Une cause de l’attitude effectivement peu amène de la Russie est la perception selon laquelle « de l’autre côté », un trop grand nombre d’acteurs sont hostiles à l’idée de rouvrir le jeu avec Moscou, et le resteront durablement. Aux États-Unis, constatent les experts russes, l’establishment est trop hostile à la Russie pour que la publication, en avril 2019, du rapport Mueller, qui invalide le soupçon de collusion entre l’équipe de campagne de Donald Trump et Moscou, modifie sensiblement la donne dans les relations bilatérales, et ce indépendamment de ce que souhaite le président américain. Des experts russes ont imputé à des « instructions personnelles » de ce dernier la succession de visites à Moscou, au printemps 2019, de hauts responsables américains (F. Hill, M. Pompeo, S. Biegun, Z. Khalilzad) et d’autres contacts de haut niveau entre les deux pays. Mais leur appréciation reste qu’en dehors de Donald Trump lui-même, « personne […] dans son administration – et Pompeo moins que les autres – ne brûle du désir de s’occuper de l’aménagement de l’interaction avec Moscou », état de fait qu’aggrave le « ferme consensus bipartisan antirusse » au Congrès (4). Cela explique que Sergueï Lavrov, ministre russe des Affaires étrangères, considère que « la confrontation est malheureusement devenue la norme » dans l’interaction Washington-Moscou (5). L’analyse selon laquelle le président Trump sera, quoi qu’il arrive, gêné dans sa « politique russe », qu’il voudrait sans doute moins hostile, s’est enracinée en Russie. Le retrait des États-Unis du traité FNI y a été interprété comme la traduction d’un manque de volonté de Washington de parler de l’avenir de la stabilité stratégique avec Moscou, alors que cet enjeu, il n’y a pas si longtemps, « semblait être un sujet de discussion inévitable entre les deux pays ». Cela reflète, analyse-t-on à Moscou, la « forte animosité de Pompeo et Bolton à l’égard de la Russie » (6). Les autorités russes déplorent d’ailleurs l’absence de réponse aux propositions qu’elles ont faites sur ce thème lors de la rencontre Poutine-Trump à Helsinki en juillet 2018 et le manque d’intérêt des États-Unis pour le rétablissement d’un plein dialogue entre les institutions militaires ou encore la reprise de discussions sur la cybersécurité (7). L’incompatibilité des visions du monde des deux pays s’illustre, entre autres, dans leur opposition face à la crise politique au Venezuela ou dans leur mésentente sur l’avenir de la Syrie.

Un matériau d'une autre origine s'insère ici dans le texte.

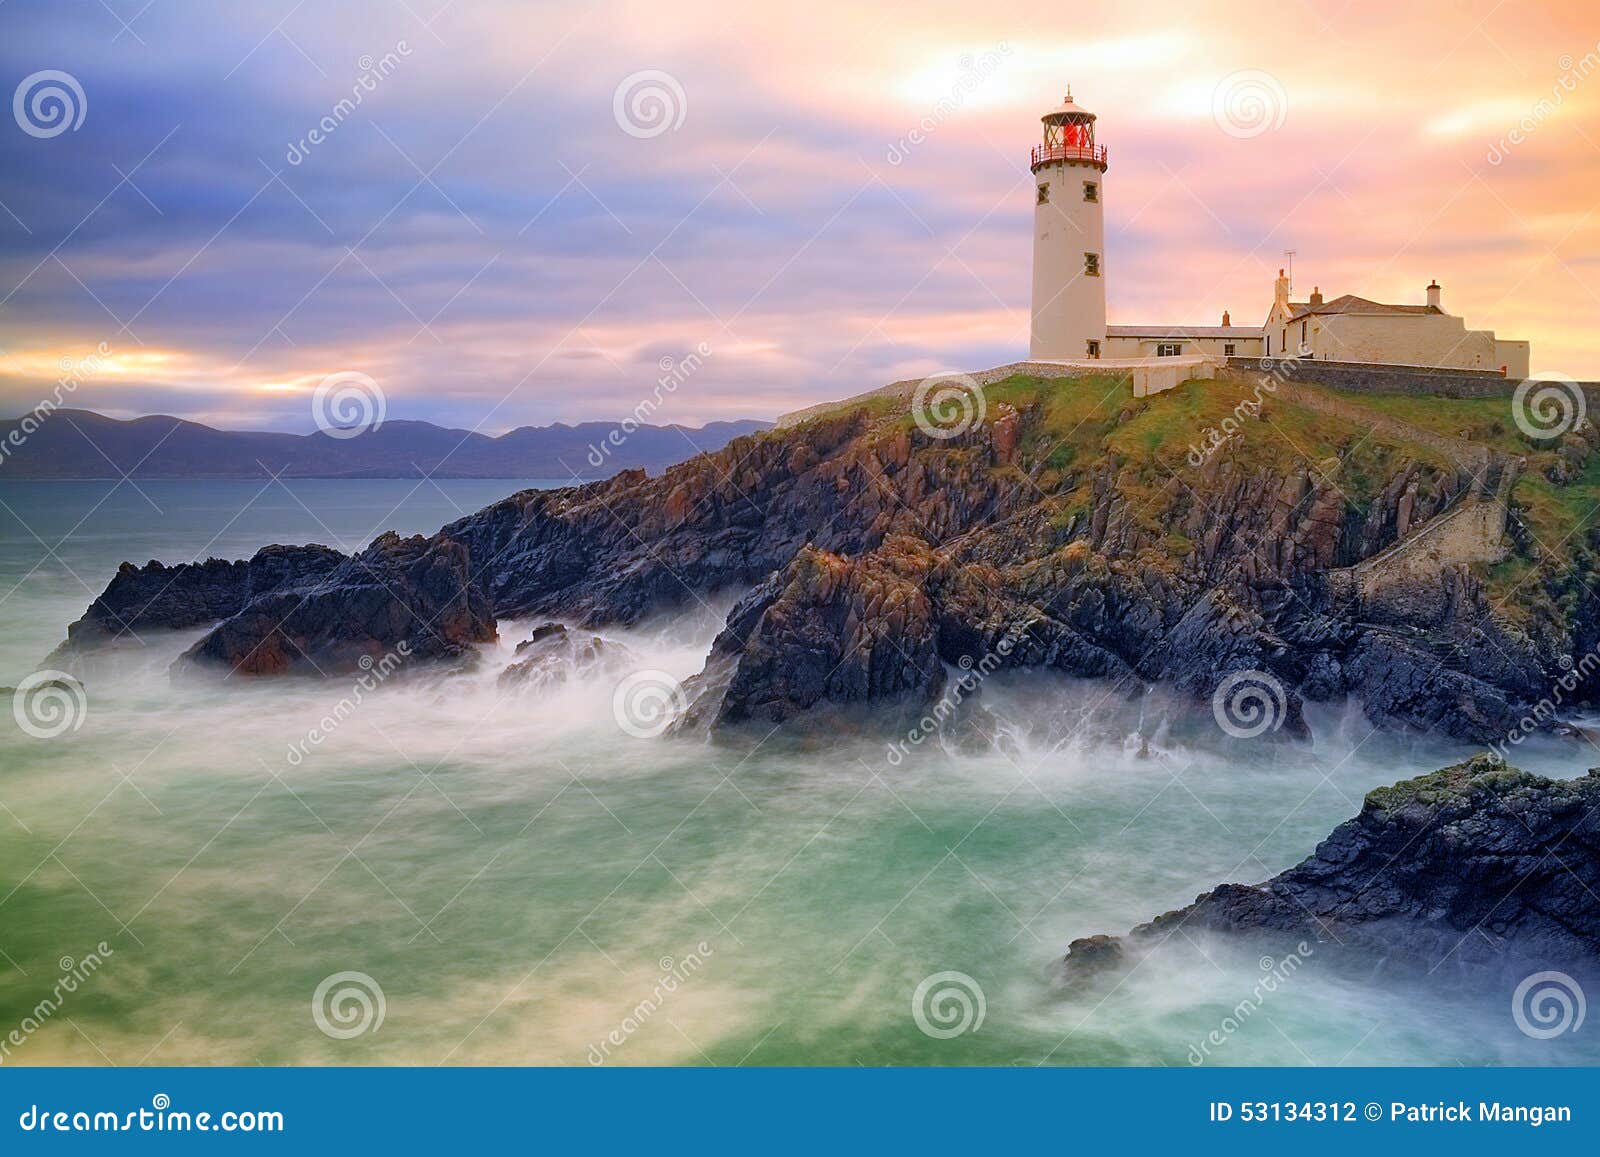 fanad lighthouse, co. donegal, ireland
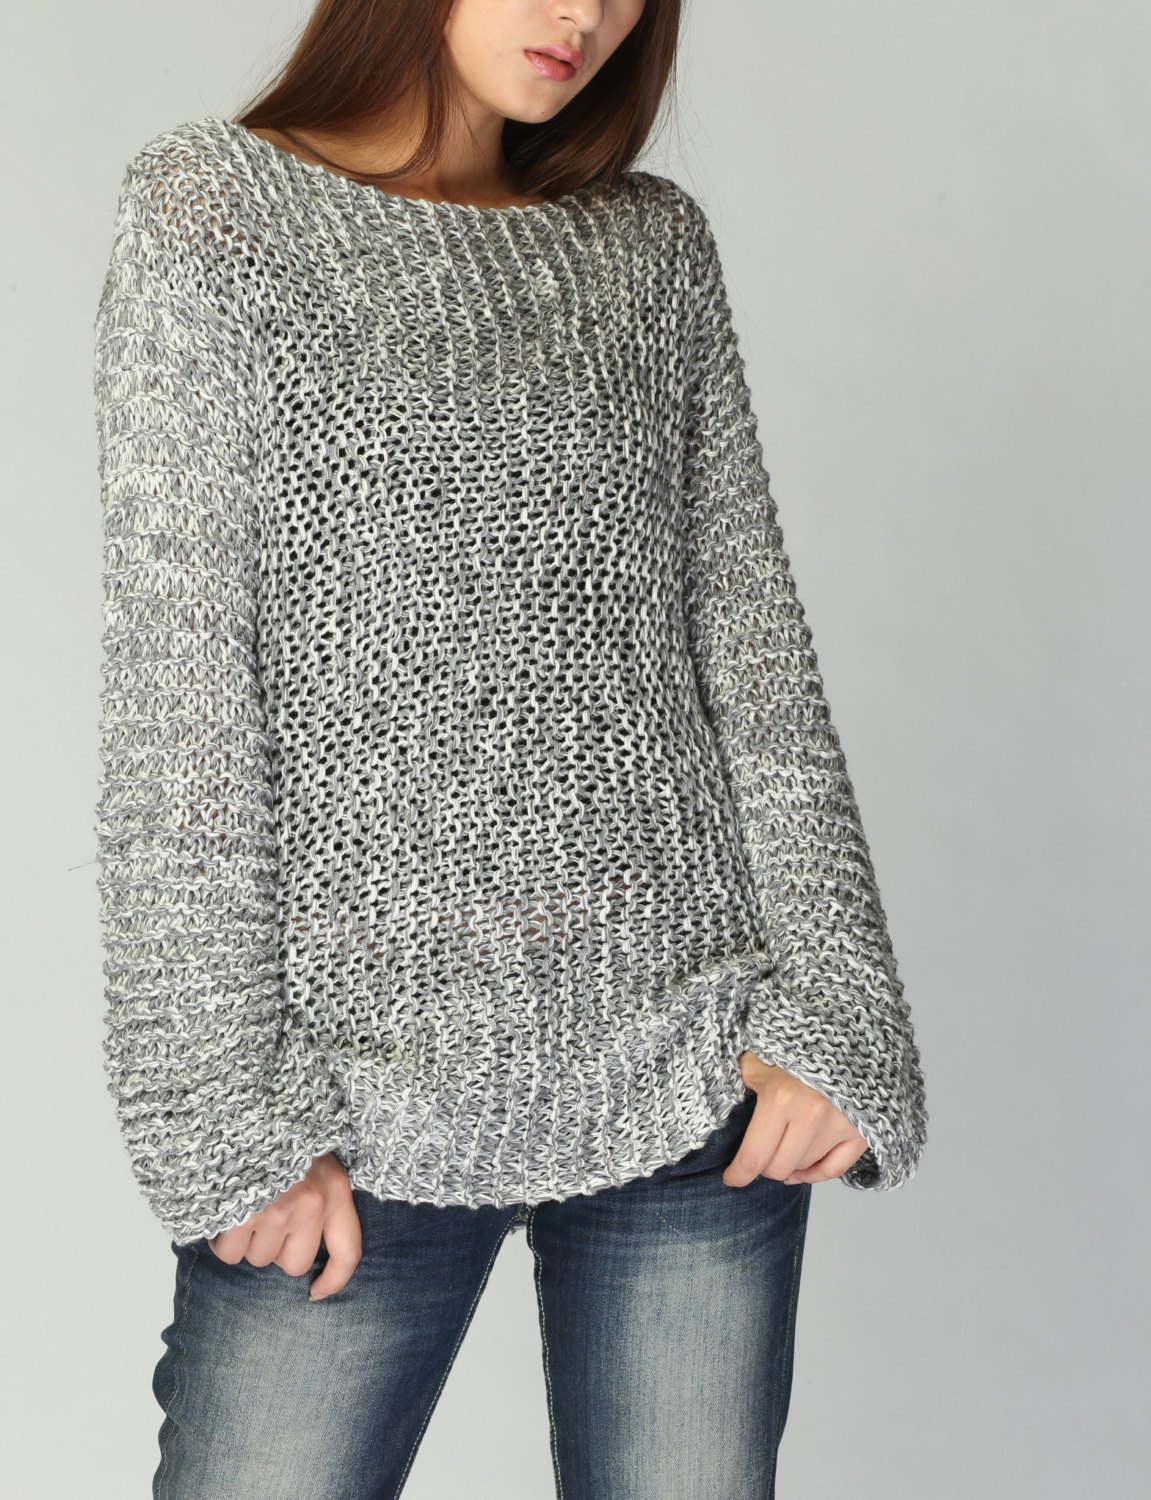 Hand Knit Woman Sweater Eco Cotton Long Sweater Light Grey - Etsy Canada

La Russie semble aussi considérer qu’elle n’a rien de tangible à attendre du côté de l’Europe. Elle estime avec constance, et un agacement perceptible, que les pays européens sont irrémédiablement incapables d’autonomie stratégique à l’égard des États-Unis (8) et qu’ils refusent de prendre leurs responsabilités face à la dégradation de la situation stratégique européenne et internationale. Cette conviction gagne en vigueur chaque fois que les sanctions sont renouvelées, montrant, selon Moscou, que même les pays qui affichent une intention de rétablir des relations plus apaisées avec elle ne sont pas prêts à contrarier les États-Unis et les grandes puissances européennes en votant contre ces sanctions. Le soutien de l’OTAN, donc des alliés européens, à la décision américaine sur le FNI est venu appuyer cette analyse du Kremlin – d’autant que celui-ci aura fait son possible pour rendre crédible la menace d’une réédition de la crise des euromissiles, sans effet très notable sur la position des Européens. Il accuse ces derniers, dont la ligne concernant l’Accord de Vienne sur le nucléaire iranien est jugée insuffisamment ferme, de ne pas avoir le courage de leurs opinions – vis-à-vis de Washington mais aussi de Kiev. On a ainsi pu entendre Sergueï Lavrov reprocher, non sans sarcasme, aux diplomates européens de ne pas formuler publiquement les positions critiques qu’ils relaient pourtant, selon lui, auprès de Kiev – parce qu’il serait « politiquement incorrect de critiquer ceux qui “apportent la liberté au peuple d’Ukraine” » (9). Sans doute pour éclairer d’un autre jour leur décision de faciliter la délivrance de passeports aux Ukrainiens du Donbass, les dirigeants russes regrettent également qu’il n’y ait pas eu de réaction européenne audible à la loi sur la langue ukrainienne adoptée par la Rada [le parlement ukrainien] au lendemain de l’élection présidentielle.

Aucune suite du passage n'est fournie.